> [Your goal]:
Among the records that follow, find the line with "11 Organic &" and the line with "A fine English". Set down those lines and all lines between them exactly, without adding anything.

__________

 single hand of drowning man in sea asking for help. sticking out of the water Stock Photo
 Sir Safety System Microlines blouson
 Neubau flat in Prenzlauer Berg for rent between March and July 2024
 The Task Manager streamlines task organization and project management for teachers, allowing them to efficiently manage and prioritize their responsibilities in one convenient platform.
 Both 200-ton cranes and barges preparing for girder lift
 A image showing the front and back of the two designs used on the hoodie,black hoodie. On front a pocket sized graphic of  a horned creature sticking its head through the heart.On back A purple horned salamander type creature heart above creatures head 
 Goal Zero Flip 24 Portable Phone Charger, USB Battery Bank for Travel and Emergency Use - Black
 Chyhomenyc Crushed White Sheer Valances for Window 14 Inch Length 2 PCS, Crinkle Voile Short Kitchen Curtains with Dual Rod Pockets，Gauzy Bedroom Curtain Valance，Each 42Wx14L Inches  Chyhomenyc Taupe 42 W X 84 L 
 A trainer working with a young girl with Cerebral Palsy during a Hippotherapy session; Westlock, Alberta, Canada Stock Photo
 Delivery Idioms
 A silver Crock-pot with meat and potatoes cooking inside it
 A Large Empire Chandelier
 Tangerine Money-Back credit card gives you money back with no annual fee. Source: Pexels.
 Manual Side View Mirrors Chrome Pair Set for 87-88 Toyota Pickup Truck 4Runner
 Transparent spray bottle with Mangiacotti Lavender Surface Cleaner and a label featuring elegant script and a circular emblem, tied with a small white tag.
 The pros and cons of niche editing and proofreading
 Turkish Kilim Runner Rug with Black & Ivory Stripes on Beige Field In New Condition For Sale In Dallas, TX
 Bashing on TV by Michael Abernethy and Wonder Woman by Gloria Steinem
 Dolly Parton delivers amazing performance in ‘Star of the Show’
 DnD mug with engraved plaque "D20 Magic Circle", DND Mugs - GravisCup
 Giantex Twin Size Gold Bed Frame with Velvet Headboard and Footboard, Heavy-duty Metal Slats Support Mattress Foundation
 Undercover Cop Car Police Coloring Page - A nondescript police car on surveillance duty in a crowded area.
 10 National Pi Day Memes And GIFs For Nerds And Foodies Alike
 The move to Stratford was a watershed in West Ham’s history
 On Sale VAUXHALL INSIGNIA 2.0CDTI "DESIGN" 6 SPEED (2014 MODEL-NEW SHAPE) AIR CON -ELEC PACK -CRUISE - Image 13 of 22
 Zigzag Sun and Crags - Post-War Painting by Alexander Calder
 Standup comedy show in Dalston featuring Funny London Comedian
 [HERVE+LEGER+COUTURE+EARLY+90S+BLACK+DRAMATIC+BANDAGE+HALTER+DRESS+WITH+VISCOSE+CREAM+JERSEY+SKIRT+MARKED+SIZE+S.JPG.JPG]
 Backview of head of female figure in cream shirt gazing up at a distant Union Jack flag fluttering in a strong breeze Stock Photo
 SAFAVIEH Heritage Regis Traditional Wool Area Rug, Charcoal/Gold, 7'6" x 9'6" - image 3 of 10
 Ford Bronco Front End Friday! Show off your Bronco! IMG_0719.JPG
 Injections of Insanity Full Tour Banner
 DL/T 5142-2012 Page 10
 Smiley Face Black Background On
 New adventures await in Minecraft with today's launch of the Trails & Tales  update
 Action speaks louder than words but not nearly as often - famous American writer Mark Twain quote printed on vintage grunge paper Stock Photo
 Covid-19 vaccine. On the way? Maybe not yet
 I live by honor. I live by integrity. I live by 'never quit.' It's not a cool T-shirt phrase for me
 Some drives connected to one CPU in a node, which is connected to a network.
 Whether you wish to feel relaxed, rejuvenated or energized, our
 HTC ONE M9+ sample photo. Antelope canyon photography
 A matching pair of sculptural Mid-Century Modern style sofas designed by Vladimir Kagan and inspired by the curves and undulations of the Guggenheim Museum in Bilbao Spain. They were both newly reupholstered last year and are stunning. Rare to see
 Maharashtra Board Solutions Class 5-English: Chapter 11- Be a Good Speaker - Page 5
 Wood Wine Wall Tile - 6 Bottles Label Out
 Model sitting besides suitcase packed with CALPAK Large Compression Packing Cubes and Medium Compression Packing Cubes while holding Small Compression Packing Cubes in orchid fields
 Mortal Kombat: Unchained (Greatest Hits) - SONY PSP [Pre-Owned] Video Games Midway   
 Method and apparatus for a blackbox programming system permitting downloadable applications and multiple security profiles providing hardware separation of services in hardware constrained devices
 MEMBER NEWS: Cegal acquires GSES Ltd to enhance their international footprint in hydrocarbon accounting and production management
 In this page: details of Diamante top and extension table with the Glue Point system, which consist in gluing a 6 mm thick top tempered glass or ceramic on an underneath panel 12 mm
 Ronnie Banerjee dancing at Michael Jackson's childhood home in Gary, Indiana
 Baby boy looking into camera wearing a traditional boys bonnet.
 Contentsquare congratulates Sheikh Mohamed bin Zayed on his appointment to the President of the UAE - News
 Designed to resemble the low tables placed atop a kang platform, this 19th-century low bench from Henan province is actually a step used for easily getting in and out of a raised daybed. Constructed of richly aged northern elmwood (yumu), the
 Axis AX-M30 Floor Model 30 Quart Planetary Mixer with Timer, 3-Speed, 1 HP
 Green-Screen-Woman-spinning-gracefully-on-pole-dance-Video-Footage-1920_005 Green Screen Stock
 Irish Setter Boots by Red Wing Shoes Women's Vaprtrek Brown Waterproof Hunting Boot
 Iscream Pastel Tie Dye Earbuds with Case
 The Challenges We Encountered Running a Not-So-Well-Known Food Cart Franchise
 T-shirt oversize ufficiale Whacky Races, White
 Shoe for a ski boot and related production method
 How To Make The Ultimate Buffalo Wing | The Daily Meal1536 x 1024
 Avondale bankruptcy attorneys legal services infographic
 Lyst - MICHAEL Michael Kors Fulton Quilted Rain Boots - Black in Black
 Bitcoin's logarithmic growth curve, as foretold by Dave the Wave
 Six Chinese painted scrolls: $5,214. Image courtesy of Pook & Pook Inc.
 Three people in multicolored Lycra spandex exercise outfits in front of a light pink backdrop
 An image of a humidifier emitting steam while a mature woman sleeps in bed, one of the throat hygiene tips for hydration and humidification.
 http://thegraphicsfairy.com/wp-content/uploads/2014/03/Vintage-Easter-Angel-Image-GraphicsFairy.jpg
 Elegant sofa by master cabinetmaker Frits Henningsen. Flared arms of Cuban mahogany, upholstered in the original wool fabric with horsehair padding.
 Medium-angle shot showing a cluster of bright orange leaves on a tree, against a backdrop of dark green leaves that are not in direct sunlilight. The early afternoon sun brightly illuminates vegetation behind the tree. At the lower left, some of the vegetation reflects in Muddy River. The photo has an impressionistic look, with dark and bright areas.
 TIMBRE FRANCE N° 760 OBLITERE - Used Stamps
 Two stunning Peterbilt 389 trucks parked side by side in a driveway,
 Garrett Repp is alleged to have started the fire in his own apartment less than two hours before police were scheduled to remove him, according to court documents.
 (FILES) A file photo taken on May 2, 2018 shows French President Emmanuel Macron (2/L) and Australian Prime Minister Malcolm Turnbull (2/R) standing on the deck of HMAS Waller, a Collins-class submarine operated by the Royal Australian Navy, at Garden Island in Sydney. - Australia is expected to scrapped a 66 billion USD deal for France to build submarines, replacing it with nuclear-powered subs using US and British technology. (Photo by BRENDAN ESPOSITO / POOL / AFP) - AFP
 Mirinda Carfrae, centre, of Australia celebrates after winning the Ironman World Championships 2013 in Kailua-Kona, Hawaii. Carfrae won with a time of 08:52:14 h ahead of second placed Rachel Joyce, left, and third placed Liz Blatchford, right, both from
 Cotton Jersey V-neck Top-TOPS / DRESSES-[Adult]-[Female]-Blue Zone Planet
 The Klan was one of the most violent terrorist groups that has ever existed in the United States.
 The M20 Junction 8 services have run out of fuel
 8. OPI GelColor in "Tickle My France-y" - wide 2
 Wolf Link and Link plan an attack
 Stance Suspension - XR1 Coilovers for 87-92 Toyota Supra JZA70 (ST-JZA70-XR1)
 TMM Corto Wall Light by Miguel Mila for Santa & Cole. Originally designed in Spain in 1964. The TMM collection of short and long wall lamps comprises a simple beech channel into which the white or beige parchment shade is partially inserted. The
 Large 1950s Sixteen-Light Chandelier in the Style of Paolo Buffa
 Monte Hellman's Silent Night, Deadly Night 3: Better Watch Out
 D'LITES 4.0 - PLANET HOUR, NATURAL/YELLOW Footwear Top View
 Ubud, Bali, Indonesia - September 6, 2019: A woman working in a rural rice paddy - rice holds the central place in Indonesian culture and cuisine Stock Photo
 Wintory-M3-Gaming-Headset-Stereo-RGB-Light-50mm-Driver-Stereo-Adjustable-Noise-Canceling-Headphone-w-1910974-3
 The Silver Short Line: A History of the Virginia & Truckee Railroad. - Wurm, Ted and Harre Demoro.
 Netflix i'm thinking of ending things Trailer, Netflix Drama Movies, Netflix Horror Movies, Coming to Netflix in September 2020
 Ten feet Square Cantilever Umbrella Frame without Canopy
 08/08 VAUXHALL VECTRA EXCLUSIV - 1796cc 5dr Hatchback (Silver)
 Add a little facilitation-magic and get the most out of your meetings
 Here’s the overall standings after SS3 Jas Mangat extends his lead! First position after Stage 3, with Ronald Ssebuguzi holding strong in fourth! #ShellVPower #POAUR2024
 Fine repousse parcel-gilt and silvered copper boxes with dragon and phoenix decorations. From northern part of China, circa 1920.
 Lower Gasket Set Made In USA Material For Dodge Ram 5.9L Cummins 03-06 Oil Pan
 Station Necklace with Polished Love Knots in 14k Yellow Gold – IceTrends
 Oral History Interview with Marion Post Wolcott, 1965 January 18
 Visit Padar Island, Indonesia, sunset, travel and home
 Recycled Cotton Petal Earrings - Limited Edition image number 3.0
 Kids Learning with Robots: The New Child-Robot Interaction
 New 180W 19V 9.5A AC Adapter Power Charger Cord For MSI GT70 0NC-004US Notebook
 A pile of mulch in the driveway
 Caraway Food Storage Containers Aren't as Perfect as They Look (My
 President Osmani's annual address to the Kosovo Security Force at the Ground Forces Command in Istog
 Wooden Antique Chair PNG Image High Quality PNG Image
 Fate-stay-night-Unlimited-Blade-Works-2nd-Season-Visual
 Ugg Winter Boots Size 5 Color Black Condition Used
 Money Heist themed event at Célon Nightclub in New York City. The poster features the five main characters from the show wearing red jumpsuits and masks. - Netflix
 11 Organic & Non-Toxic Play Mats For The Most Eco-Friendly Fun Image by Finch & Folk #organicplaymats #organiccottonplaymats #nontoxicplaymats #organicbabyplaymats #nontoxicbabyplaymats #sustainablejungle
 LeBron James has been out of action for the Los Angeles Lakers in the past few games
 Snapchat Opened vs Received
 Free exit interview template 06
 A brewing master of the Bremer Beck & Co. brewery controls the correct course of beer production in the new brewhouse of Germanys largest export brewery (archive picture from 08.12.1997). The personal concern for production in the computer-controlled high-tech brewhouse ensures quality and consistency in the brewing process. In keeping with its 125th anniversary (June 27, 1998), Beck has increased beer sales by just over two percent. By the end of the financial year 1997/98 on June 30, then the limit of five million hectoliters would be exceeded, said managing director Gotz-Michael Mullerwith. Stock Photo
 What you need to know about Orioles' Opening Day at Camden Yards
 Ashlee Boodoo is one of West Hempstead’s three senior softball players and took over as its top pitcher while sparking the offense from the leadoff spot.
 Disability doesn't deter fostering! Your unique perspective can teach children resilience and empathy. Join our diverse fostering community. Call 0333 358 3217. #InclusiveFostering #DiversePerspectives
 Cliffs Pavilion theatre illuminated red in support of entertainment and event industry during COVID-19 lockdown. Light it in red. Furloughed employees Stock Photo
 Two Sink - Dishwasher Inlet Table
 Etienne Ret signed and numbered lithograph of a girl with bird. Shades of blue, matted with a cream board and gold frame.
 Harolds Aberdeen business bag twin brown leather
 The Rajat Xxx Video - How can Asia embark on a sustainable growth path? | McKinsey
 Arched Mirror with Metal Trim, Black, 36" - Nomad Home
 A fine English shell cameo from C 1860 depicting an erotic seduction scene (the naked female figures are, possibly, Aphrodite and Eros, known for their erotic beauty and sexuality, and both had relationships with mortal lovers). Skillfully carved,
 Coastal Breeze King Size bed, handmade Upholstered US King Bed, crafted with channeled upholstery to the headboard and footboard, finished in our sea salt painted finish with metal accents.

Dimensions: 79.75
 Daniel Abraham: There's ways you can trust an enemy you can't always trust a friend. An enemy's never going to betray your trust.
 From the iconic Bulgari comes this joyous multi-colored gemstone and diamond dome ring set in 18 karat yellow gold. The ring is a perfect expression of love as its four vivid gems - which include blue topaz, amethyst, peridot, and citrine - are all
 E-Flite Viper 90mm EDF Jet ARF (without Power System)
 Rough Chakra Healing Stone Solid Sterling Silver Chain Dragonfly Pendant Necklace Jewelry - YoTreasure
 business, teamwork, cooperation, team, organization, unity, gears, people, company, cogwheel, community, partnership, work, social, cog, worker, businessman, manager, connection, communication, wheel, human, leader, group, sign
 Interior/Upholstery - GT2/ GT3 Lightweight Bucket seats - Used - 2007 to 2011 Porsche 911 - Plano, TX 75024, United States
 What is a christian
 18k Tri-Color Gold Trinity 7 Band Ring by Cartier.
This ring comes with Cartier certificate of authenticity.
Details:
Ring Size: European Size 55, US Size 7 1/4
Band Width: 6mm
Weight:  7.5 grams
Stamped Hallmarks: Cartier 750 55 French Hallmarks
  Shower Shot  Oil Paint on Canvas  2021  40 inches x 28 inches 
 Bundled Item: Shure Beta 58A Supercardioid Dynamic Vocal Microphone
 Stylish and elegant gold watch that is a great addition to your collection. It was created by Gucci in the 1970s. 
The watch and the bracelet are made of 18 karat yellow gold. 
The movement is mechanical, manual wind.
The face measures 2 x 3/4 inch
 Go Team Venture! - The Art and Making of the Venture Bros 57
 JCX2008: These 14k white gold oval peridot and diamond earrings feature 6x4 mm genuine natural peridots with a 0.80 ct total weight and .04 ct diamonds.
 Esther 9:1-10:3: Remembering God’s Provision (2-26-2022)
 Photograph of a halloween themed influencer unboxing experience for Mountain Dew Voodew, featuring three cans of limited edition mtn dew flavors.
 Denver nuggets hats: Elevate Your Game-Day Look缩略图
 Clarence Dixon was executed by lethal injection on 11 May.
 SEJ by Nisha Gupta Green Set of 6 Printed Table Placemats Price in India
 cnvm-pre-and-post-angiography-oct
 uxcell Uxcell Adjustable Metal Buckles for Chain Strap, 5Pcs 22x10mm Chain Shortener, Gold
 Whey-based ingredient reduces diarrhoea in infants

__________

> [Written answer]:
 11 Organic & Non-Toxic Play Mats For The Most Eco-Friendly Fun Image by Finch & Folk #organicplaymats #organiccottonplaymats #nontoxicplaymats #organicbabyplaymats #nontoxicbabyplaymats #sustainablejungle
 LeBron James has been out of action for the Los Angeles Lakers in the past few games
 Snapchat Opened vs Received
 Free exit interview template 06
 A brewing master of the Bremer Beck & Co. brewery controls the correct course of beer production in the new brewhouse of Germanys largest export brewery (archive picture from 08.12.1997). The personal concern for production in the computer-controlled high-tech brewhouse ensures quality and consistency in the brewing process. In keeping with its 125th anniversary (June 27, 1998), Beck has increased beer sales by just over two percent. By the end of the financial year 1997/98 on June 30, then the limit of five million hectoliters would be exceeded, said managing director Gotz-Michael Mullerwith. Stock Photo
 What you need to know about Orioles' Opening Day at Camden Yards
 Ashlee Boodoo is one of West Hempstead’s three senior softball players and took over as its top pitcher while sparking the offense from the leadoff spot.
 Disability doesn't deter fostering! Your unique perspective can teach children resilience and empathy. Join our diverse fostering community. Call 0333 358 3217. #InclusiveFostering #DiversePerspectives
 Cliffs Pavilion theatre illuminated red in support of entertainment and event industry during COVID-19 lockdown. Light it in red. Furloughed employees Stock Photo
 Two Sink - Dishwasher Inlet Table
 Etienne Ret signed and numbered lithograph of a girl with bird. Shades of blue, matted with a cream board and gold frame.
 Harolds Aberdeen business bag twin brown leather
 The Rajat Xxx Video - How can Asia embark on a sustainable growth path? | McKinsey
 Arched Mirror with Metal Trim, Black, 36" - Nomad Home
 A fine English shell cameo from C 1860 depicting an erotic seduction scene (the naked female figures are, possibly, Aphrodite and Eros, known for their erotic beauty and sexuality, and both had relationships with mortal lovers). Skillfully carved,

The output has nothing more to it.